Working on it! The general idea though is that you rarely have a project to build an item; it's almost always a project to design an item (a new model of tank or whatever). This project produces, as a side effect, a prototype; there are some Charms that encourage you to actually use this prototype and make it better.

I am not entirely sure how these will actually be advanced, but the basic idea is that vehicles each have a "generation number" and that in order to increment that number you need a certain amount of actual combat data on the vehicle (or a much larger quantity of non-combat testing). In modern terms a Generation represents about 10 years of technological progress.

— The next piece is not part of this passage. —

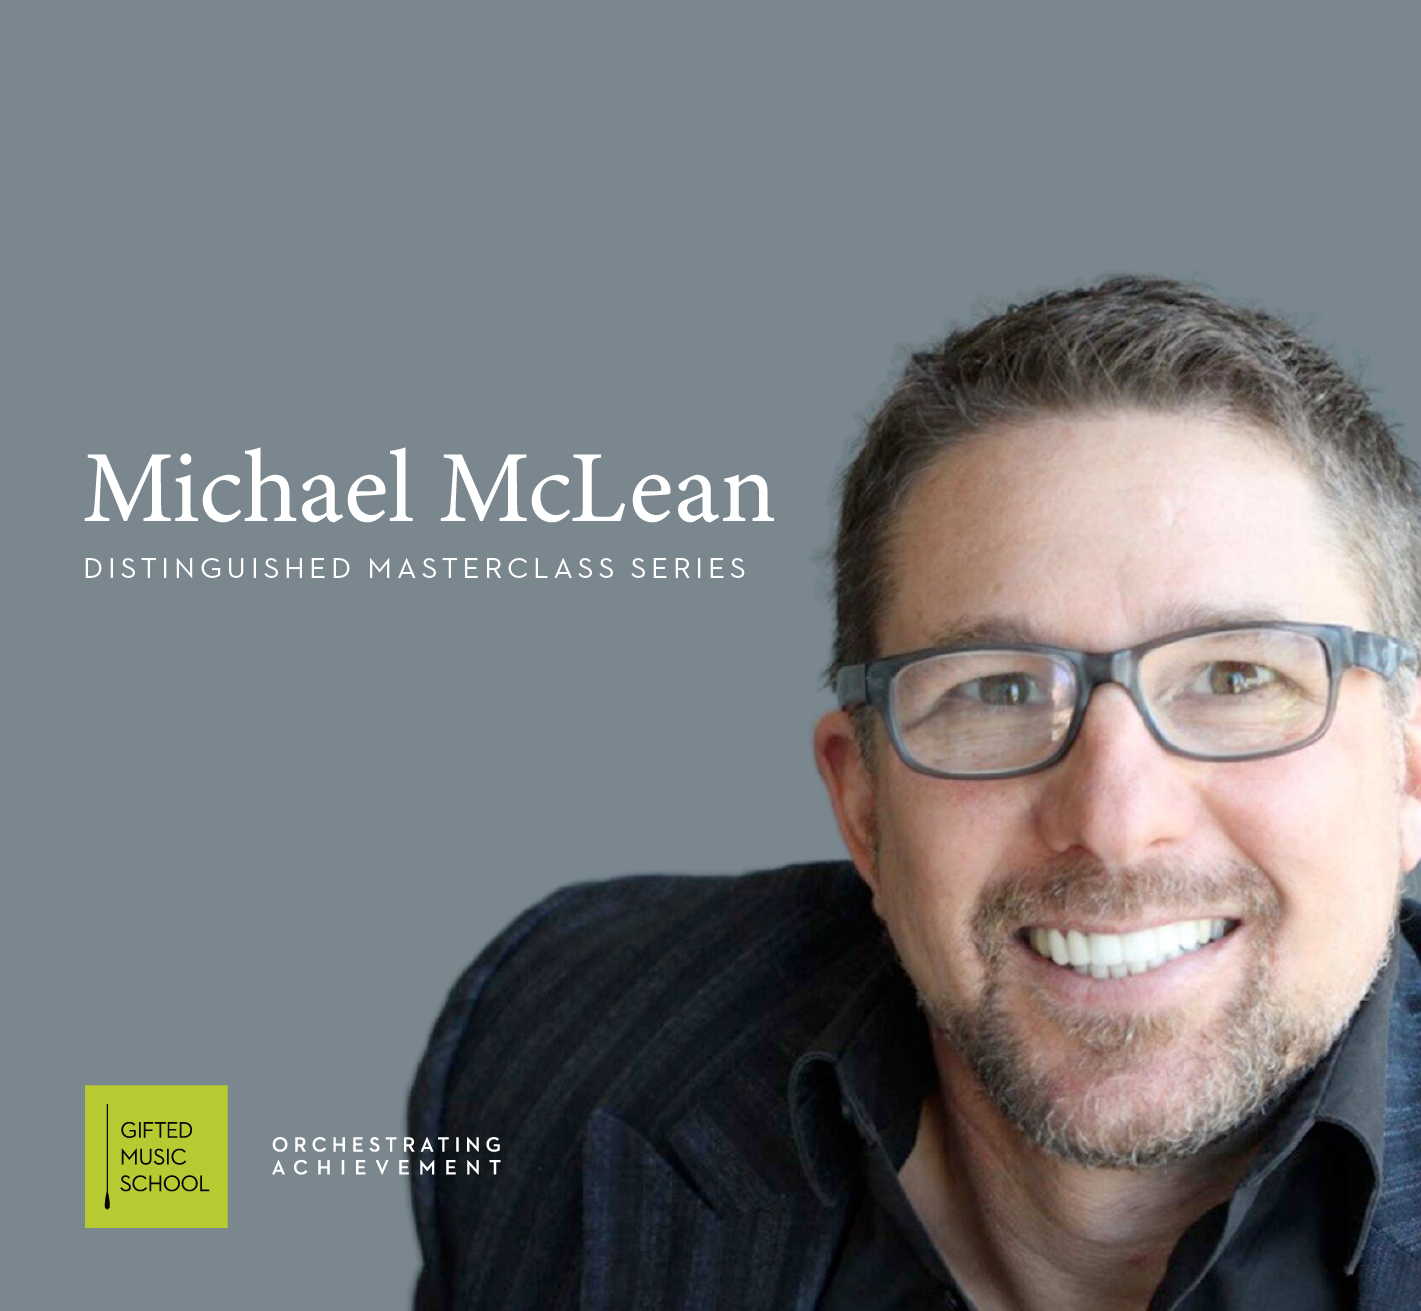 Michael McLean violin masterclass header image

Advanced Generation provides a few advantages:
  • The vehicle with the higher Generation automatically gets double-10s on damage rolls.
  • A battle group of vehicles is denied its Size bonus to Soak against an attack from a vehicle two generations or more advanced over it.
The idea here is to let Solars potentially start a Gundam-style iteration battle where each side keeps trying to one-up the other by produce newer and better warstriders.

Additionally, none of the penalties apply to regular infantry combat, to provide something of an equalizer and to encourage a different style of combat from technologically backwards factions.

And these are the actual charms, which I've split into categories. In my conversion, Engineering is a caste ability for Dawns as well as Twilights and a Supernal Dawn Engineer is supposed to be viable. These Charms are supposed to enable Solar Tony Stark or Solar Gundam Pilot/Engineer, but with realistic recognition of the infrastructure requirements.


Armed and Ready Discipline

Cost: -; Mins: Engineering 1, Essence 1
Type: Permanent
Keywords: None
Duration: Permanent
Prerequisite Charms: None

  • Your weapons and equipment are always in perfect condition and fully loaded with ammunition.
  • You can don any armor in a single round.
  • When rolling Join Battle, with a plausible stunt you can retroactively declare yourself to have been carrying a weapon the whole time.
Armored Scout's Invigoration

Mins: Engineering 3, Essence 1
Prerequisite Charms: Armed and Ready Discipline

No change from the base game.


Glorious Solar Arsenal

Cost: 5m, 1wp; Mins: Engineering 4, Essence 2
Type: Simple
Keywords: None
Duration: One Scene
Prerequisite Charms: Armed and Ready Discipline

Create a hypertech weapon out of glowing essence that shines with the color of your anima.

Special: When you purchase this Charm, choose a library of (Essence) different hypertech weapons. The weapon created with this Charm must be one of them. Each time your Essence increases, you may add an additional weapon to your library.

Special: If the you also know Glorious Solar Armory, you may activate it at the same time as this charm. In that case waive 1wp off the total activation cost.

Repurchase (-): Learn a thematic evocation for one of the weapons in your library. (No repurchase limit.)

Repurchase (Essence 3+): You may reflexively spend 1a to summon an additional weapon from your library.

Repurchase (Essence 4+): You may add one artillery-scale weapon to your library, and a second at Essence 5. The weapon must be of a type ordinarily mountable on self-propelled artillery platforms.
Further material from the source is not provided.